There was a fella who used to attend St Michael’s college and who had his own desk outside the Principal’s office for the greater part of sixth and seventh year. Roguish would be the loveable Irish way of describing his behaviour in school. He is now a policeman.
When the Principal who’s door he sat outside for those two years heard this news he proclaimed, ‘Ah, a true case of poacher turned gamekeeper.’
Chatting to a few friends over the past few weeks they said the same of me. For the last number of years regular readers of this column will know that I have been a critic of some aspects of fund raising that took place in Fermanagh. Specifically I felt that any fund raising group should be a part of the county board, as is the case with Club Tyrone. Secondly I felt that money raised should be used to tackle, in a strategic way, issues the county has from youth level right up to senior.
All this is of course is not to say that I did not respect and admire the work put in by all those individuals involved in fund raising previously. They put in serious effort and it goes without saying that they had, and continue to have Fermanagh’s best interests at heart. They are brilliant GAA people and deserve our gratitude.
Of course this sentiment of thanks is often lost when on the other hand there is clear criticism of the structures that were in place. But such is opinion writing and there is no point hitting the keyboard if you are not going to write about things as you see them.
Still, I have to admit to being a little surprised to find myself the Secretary of the relaunched Club Eirne. There is certainly more pressure this side of the fence. The truth is though that it would have been hypocritical on my part had I not got involved given the direction that is to be taken with the new Club Eirne.
I do however understand that people have concerns and questions. For example many have spoken to me in recent weeks and wondered why the name ‘Club Eirne’ was retained. Two opposing trains of thought here. One being that a fresh start needed a new name. While the other argued that continuity needed to be maintained while the retention of the name also tipped the hat to the efforts of the previous fund raising groups. I understand both sides of the argument and it is certainly important to acknowledge the work done in previous years.
On balance, I would probably have preferred a new name however. From a purely PR point of view it would have been easier to get across the message that a entirely new fund raising group had been established and that this group operated inside the county board if a new name was used. None of this is meant as a slight to those who went before but rather a cold hard business perspective.
However, the decision was taken by the Fermanagh County Board to retain the name. That is how democracy works. I can’t very well throw the toys out of the pram because of a decision the Fermanagh county board made considering I have been arguing for years that any fund raising committee needs to act within the Fermanagh county board. And as one member of the new Club Eirne said at a meeting, ‘We shouldn’t sweat the small stuff.’

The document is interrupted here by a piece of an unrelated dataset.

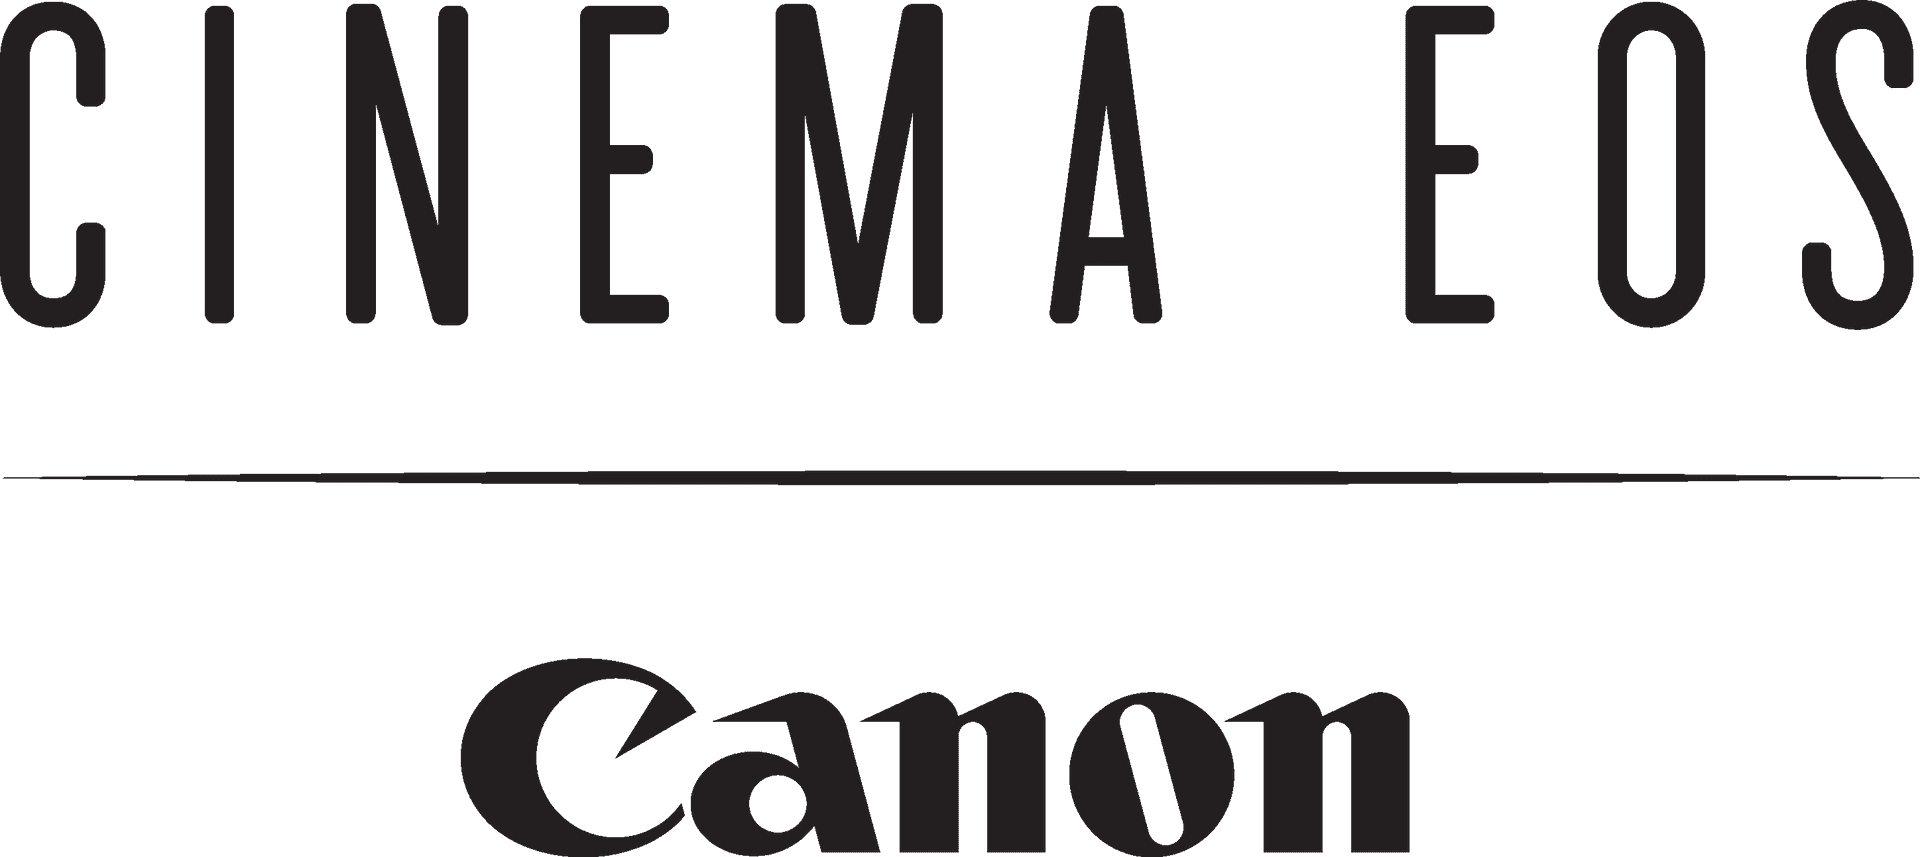 Canon Cinema E O S Logo PNG

But – and you knew there was a but – there also has to be a degree of trust between a group fund raising money for Fermanagh GAA and those charged with managing the affairs of Fermanagh GAA. And to this end we turn our attention to the soon to be released three year strategic plan. Already the research that has gone in to this plan has established areas that need attention and investment. These include youth coaching, the development of Lissan and county teams preparation.

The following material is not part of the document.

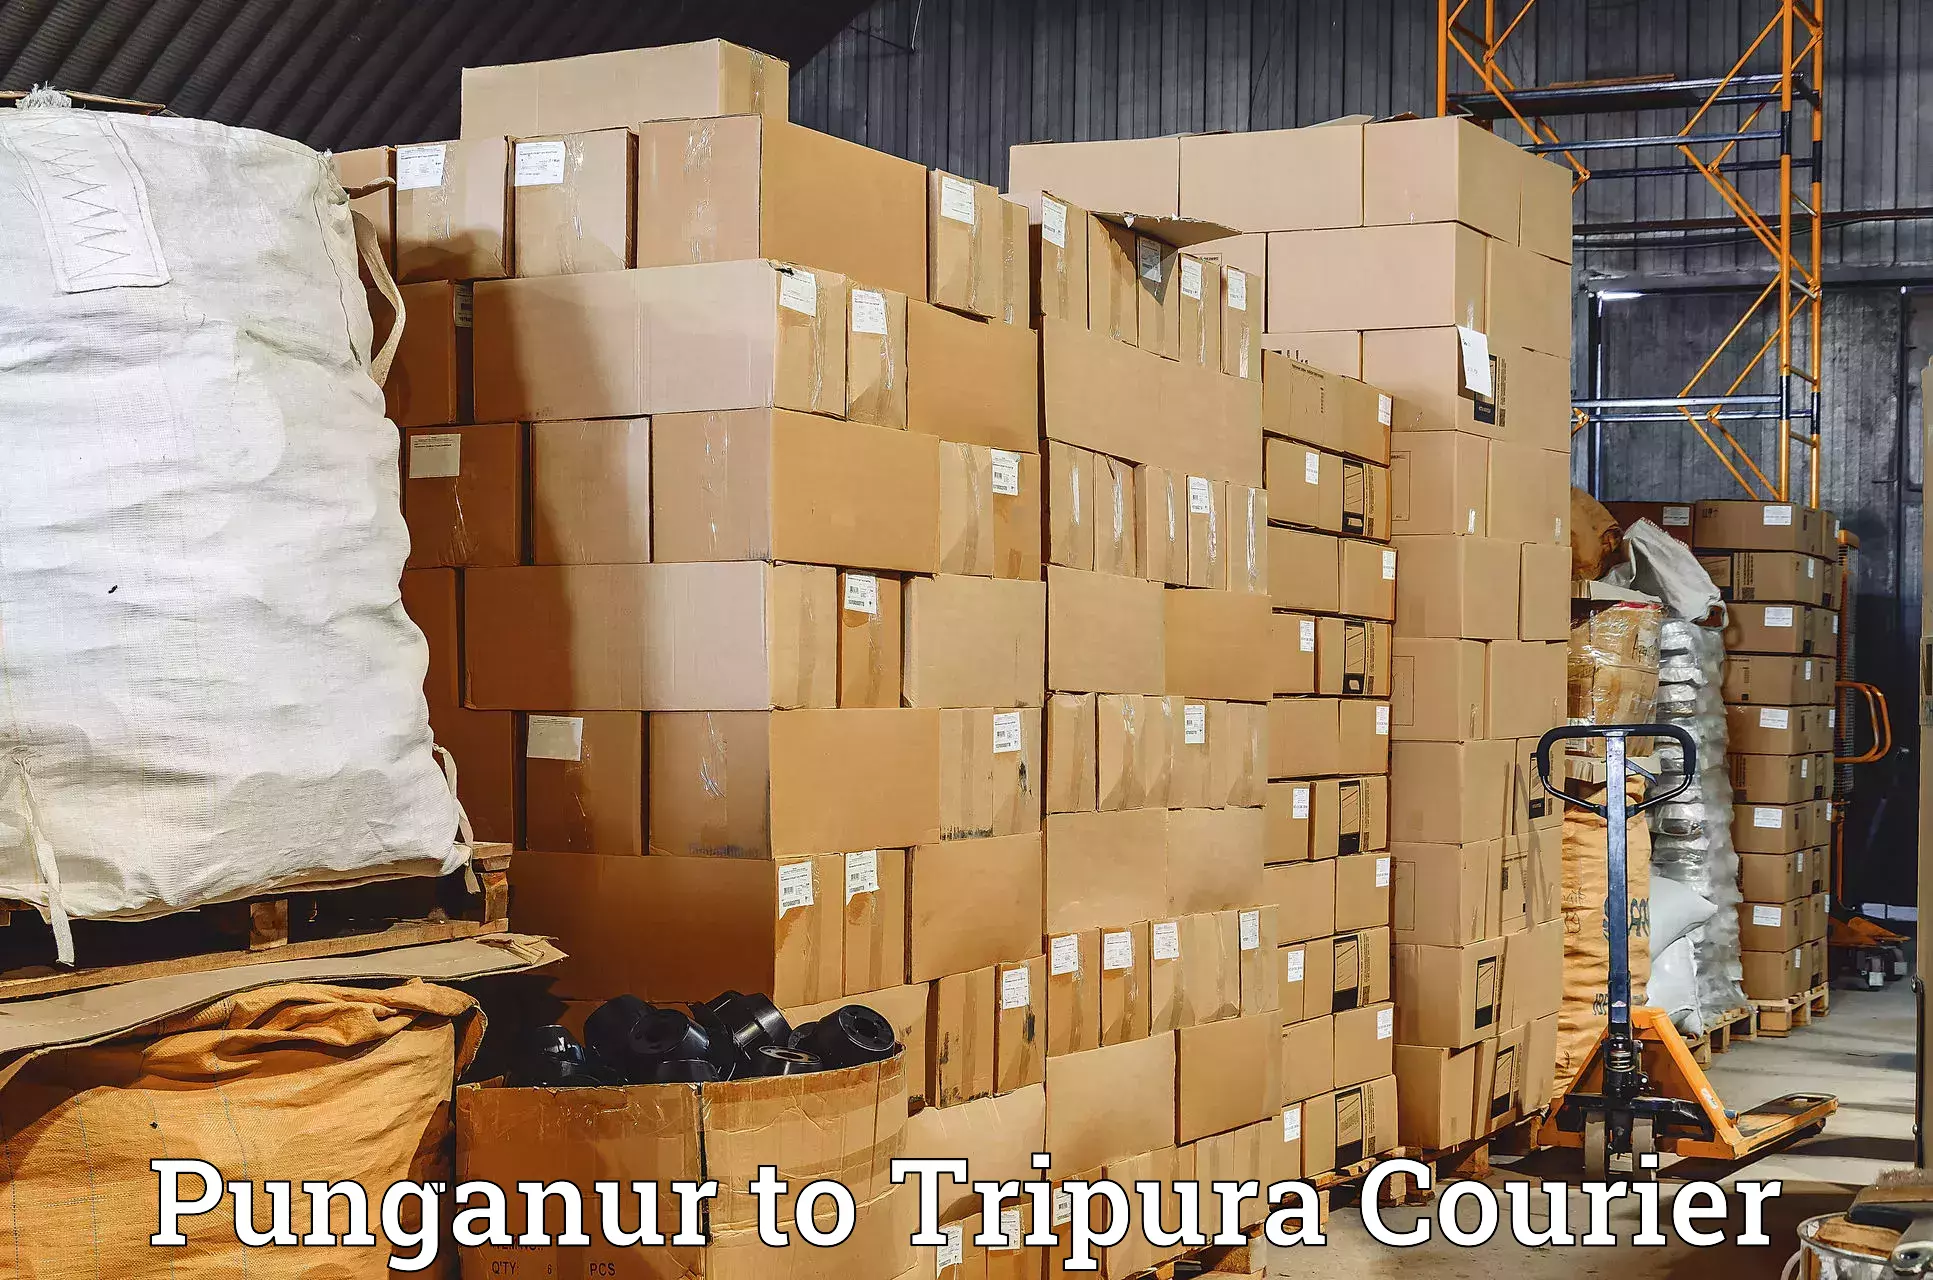 Professional courier handling Punganur to Dhalai

Again, on these pages I have been arguing for a long time that an audit of some sort, followed by a strategic plan has been needed. Again, in an ideal world I would have preferred someone from outside the county be charged with leading a group to review all GAA matters within the county. But life, especially working within the GAA is full of compromises.
The crux of the matter though is that there is a blueprint for the future and there is a promise to invest more in youth. It is the only way forward in my opinion and this promise of more investment in youth is ultimately the reason why I have become involved.
I hope I, and the rest of my colleagues in Club Eirne can convince you to become involved too. We will be asking people to sign up to become members of Club Eirne. We want your input and your ideas. Over the coming months we will work on other fund raising initiatives to go alongside our membership scheme.
We do all of this with the one aim in mind; allowing Fermanagh to ‘be the best that we can be’. I honestly believe if we all work together we can achieve that goal.